I intend on buying another one for my next dog. They did a nice job. It's a simple collar and holds up really well. She doesn't swim so it's never been wet and it's never been on her until she's totally dry from a bath either.


----------



## Heidigsd (Sep 4, 2004)

gagsd said:


> You might contact Spence at Jaspenhof:
> https://www.facebook.com/media/set/?set=a.87681317824.77038.531032824&type=3
> 
> Some of his pictures of collars make me drool.

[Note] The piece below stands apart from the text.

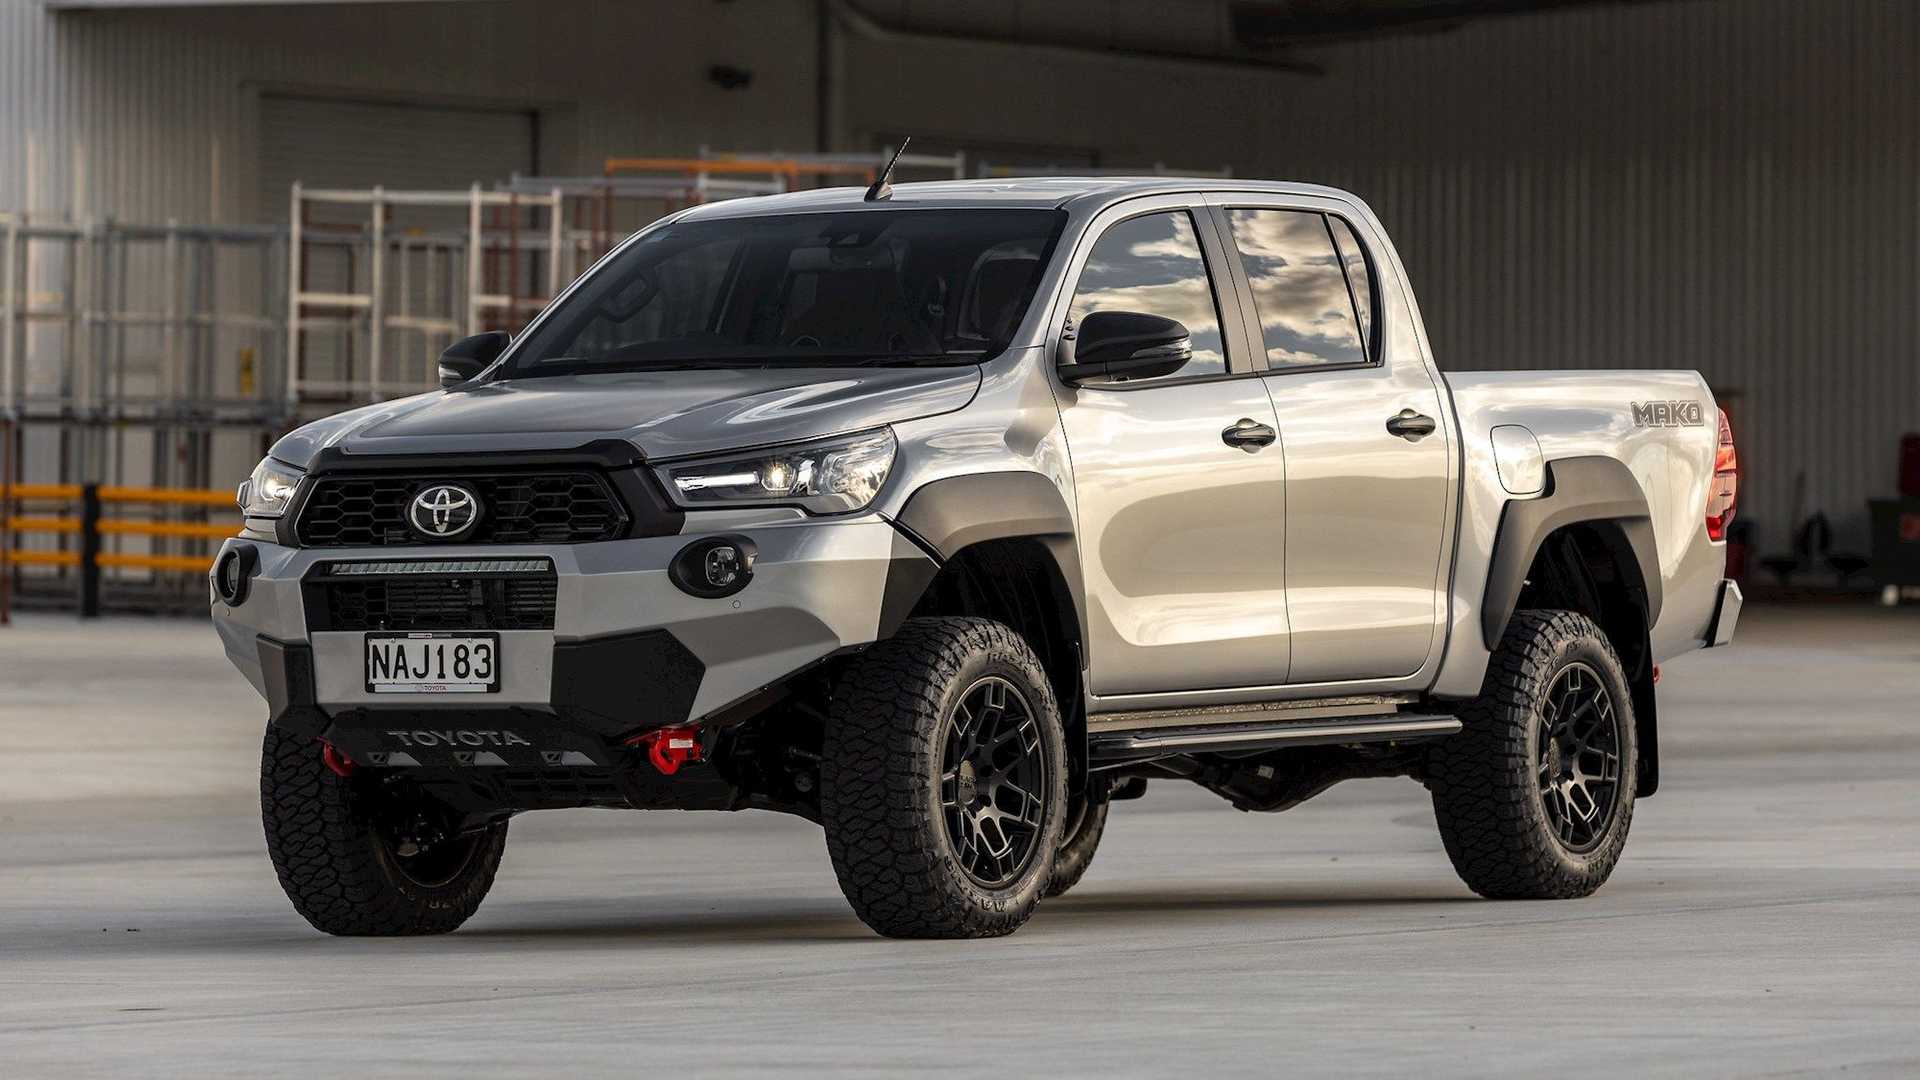 2021 Toyota Hilux: Everyone's Favorite International Truck Gets Some  Serious Upgrades

Spence really does nice work. Nikki is on his FB page modeling her collar :wub:

I am going to order another collar soon 

Michaela


----------



## gagsd (Apr 24, 2003)

I just ordered leashes from him for high score gifts at our show next month. Can't wait to get them!


----------



## gsdlover91 (Jul 21, 2012)

Thanks again for the recommendations everyone! I will have to check out all these  Still have not ordered anything! Im hesitant because I cannot measure his neck..


----------



## marshies (May 18, 2011)

Pup wears a collar a woman made for a rescue charity. It's made out of seat belt material, and is martingale styled collar. When out and about she's either on harness, backpack, or head halter for high traffic areas, so collar is primarily for ID and potty breaks. That said, it's very sturdy and pretty. We love it. It's been 2 years and still going strong.


----------



## Chicagocanine (Aug 7, 2008)

Two inches is really wide for a GSD's neck to wear as a normal collar...


----------



## readaboutdogs (Jul 8, 2001)

I was looking into the martingale collars, i don't keep a collar on them unless we go somewhere. Cody and Clipper would pull them off each other when they were puppies!


----------